In 2025, I came back to it. The rebuild started as a personal project — a way to revisit hand-coded work and push my current skills against a familiar brief. It wasn't until about halfway through the build that I realized I had done something almost identical twelve years earlier. That moment of recognition made the project feel like something more than a portfolio exercise. It became a way to measure distance traveled.
The Problem
A site that told the right story — but couldn't hold up in the modern web.
The 2013 version was built before responsive design was standard practice. It looked right on a desktop, but fell apart everywhere else. Twelve years of web evolution had left it behind — not just technically, but visually. The 2025 rebuild wasn't about fixing what was broken. It was about doing the same thing properly, with everything learned in between.
The choices that shaped both versions.
Choosing a real person over a fictional subject.
In 2013, the course final allowed any subject. Choosing John Hart — a real photographer with a real body of work — raised the stakes in the right way. Designing for actual photography rather than placeholder images forced every layout decision to be made in context. It also produced something portfolio-worthy rather than a classroom exercise that would be forgotten immediately after submission.
Staying in hand-coded HTML and CSS for the 2025 rebuild.
The 2025 rebuild could have used any number of modern tools — WordPress, Squarespace, a static site generator. The decision to stay in hand-coded HTML and CSS was deliberate. It kept the project honest, forced a deeper engagement with the fundamentals, and made the comparison between 2013 and 2025 meaningful. The constraint was the point.
Building mobile-first in 2025 where the 2013 version had none.
The original site was desktop-only — that was the standard of the time and the scope of the course. The 2025 rebuild made responsiveness a core requirement from the first line of CSS. Every layout decision was made with mobile in mind, and media queries were used throughout to ensure the photography held up at every screen size.
Updating the visual identity alongside the technical rebuild.
The 2025 version wasn't just a technical upgrade — it was a full visual refresh. The typography, color palette, and overall aesthetic were reconsidered from the ground up, keeping what made the original feel like John's work while bringing it into alignment with where web design had gone in the intervening twelve years.
Two versions, twelve years apart — the same photographer, a very different web.
The 2013 version was built in Dreamweaver, hand-coded from scratch, and designed to showcase John's photography across gallery pages, a travel section, and an about page.
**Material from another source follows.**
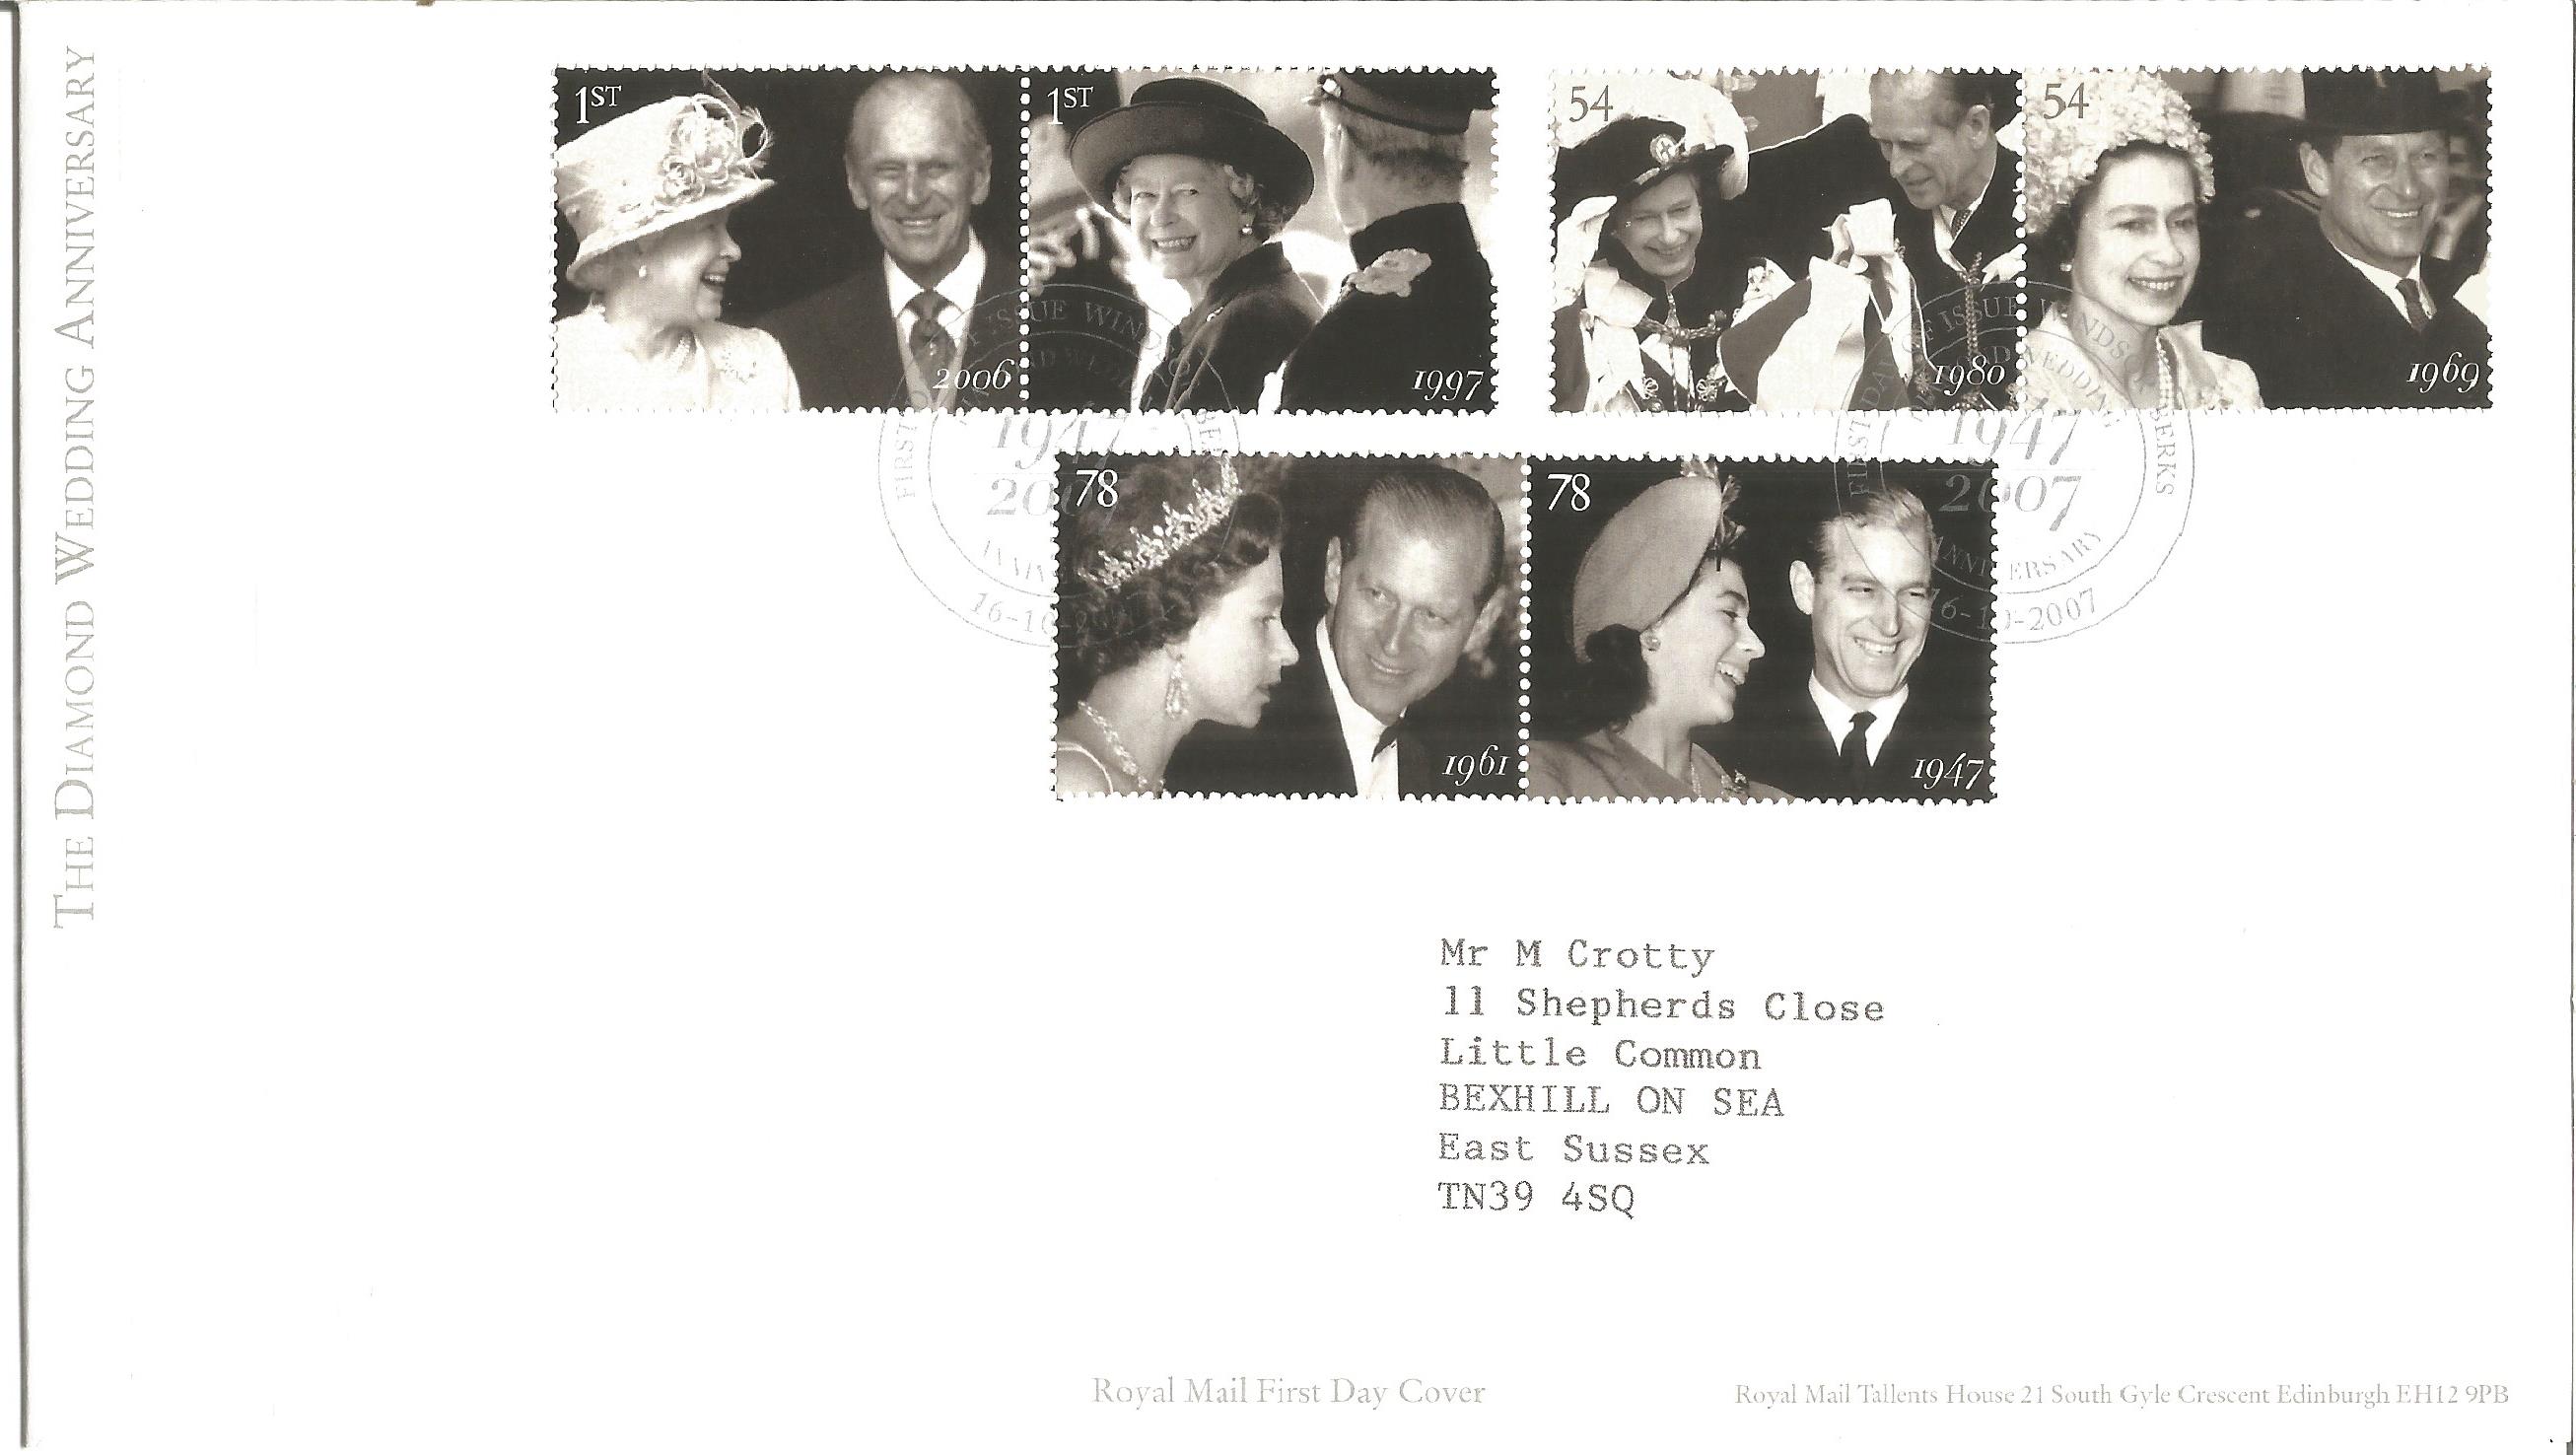 The Diamond Wedding Anniversary 1947 - 2007 unsigned FDC. Date stamp Windsor Berks 16th October

The 2025 rebuild took everything learned in the intervening years and applied it to the same brief — responsive, refined, and built with a clarity of intent that only comes from experience.
2013 — Original Site
HTML & CSS Adobe DreamweaverThe original site was built entirely by hand in Dreamweaver — no templates, no frameworks, no shortcuts. Navigation, gallery layouts, and image presentation all coded from scratch. It was a desktop-only experience, but it was real and it was mine.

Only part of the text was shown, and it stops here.